Bruce Peters, who has long owned the Zazou Hair Salon with two locations in North Vancouver, is on the hunt for a larger retail space that’s quite different.
It would be for what he hopes will be an Uber-like business where dozens of beauty professionals rent space and provide their services in one location that is about 6,000 square feet. Ideally, it would be located in an open-air strip mall that has parking and access to transit for customers and the hairdressers, nail technicians and massage therapists, as well as major grocery stores and big-box outlets.
The idea is to put this Urbana Beauty Village shop in the path of customers who haven’t fully returned to their downtown offices and who are sticking to “businesses of necessity” where they buy food and staples even as they curb their other spending because of inflation and interest rate hikes.
“The big advantage really comes down to cost. We can’t be in a situation where you’re in East Vancouver or Downtown Vancouver where you’re sitting at $100 all-in per square foot. Those numbers don’t work with us,” said Peters. “We need cost-effectiveness.”
His shift comes as real estate company Colliers is describing a “recalibration” in the retail market. Its newly released retail report pegs a vacancy rate index for suburban locations like the one Peters is looking for as having fallen from 2.3 per cent to one per cent between mid- and the end of 2022.
“It’s really difficult to find that kind of space now,” said Colliers’ executive vice-president Sheldon Scott, who specializes in suburban commercial real estate.
He has been analyzing opportunities for Peters starting in North Van, then Burnaby, Coquitlam, Port Coquitlam, Langley, and will look in South Surrey and Delta.
At the same time, Colliers’ vacancy rate index for urban locations, including Downtown Vancouver and high-street areas, has gone up from 2.6 per cent to four per cent over the same time period.
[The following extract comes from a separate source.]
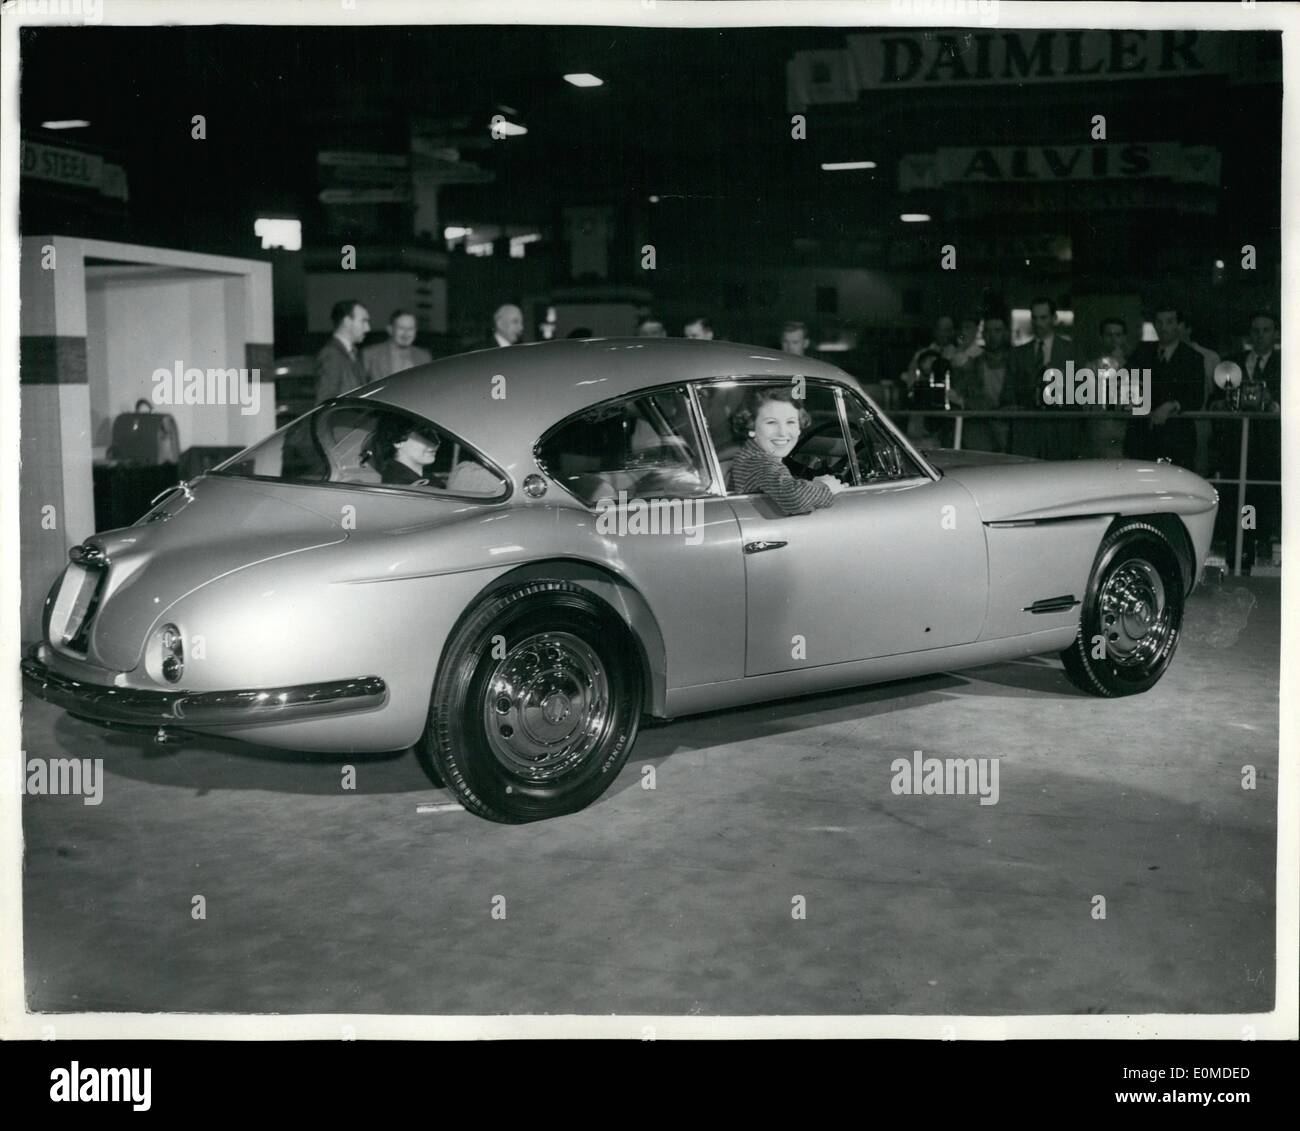 Oct. 10, 1954 - Pre-View Of International Motor Show The Jensen 541 Plastic Saloon: Photo Shows Rear view of the Jensen 541 100 Stock Photo

The highest levels of vacancy were found on parts of Alberni Street at 9.57 per cent, Robson Street between Thurlow and Bute at 15.43 per cent, and Gastown at 7.65 per cent.
These spots also have some of the higher per-square-foot rates ranging from $70 to $240 compared with other high-street locations such as Vancouver’s West End, Yaletown and Mount Pleasant at between $50 and $85 per square foot.
“It was extremely busy last year from January up until August,” said Colliers’ associate vice-president Sherman Scott, who focuses on urban leases. “Then things tapered off.”
He added that even though a four per cent vacancy rate is still a healthy number, return to downtown office numbers haven’t bounced back to what they were before COVID-19. Also, many retail tenants that had been helped by government loans haven’t been able to fully recover.
“A lot of my work in the last six months has been backfilling previous restaurants and gyms that unfortunately didn’t make it through,” said Scott.
Ironically, many of the new businesses coming in are also restaurants and gyms, but they aren’t saddled with the accumulated debt loads that shut down the previous tenants, he said.
“Hybrid work hasn’t been solved yet by all companies. They are still kind of investigating how it’s going to work for employees. Is it three days or four days and what days?” said Madeleine Nicholls, Colliers’ senior managing director. “I’d say downtown is probably back to 60 per cent of the traffic and the occupancy that it was pre-pandemic.”
Nicholls said that retail spending on big ticket items such as home renovations, garden landscaping and furniture has moved to fashion, cosmetics and personal services such as those for hair and nails. Even if people haven’t fully returned to working in offices, they’re meeting friends and colleagues at restaurants and celebrating occasions together.
There has been surprising growth in the clothing and fashion sector, with an increase of 27 per cent over last year to date in fashion spending across Canada as sectors such as car dealerships and electronics stores are struggling, according to Colliers.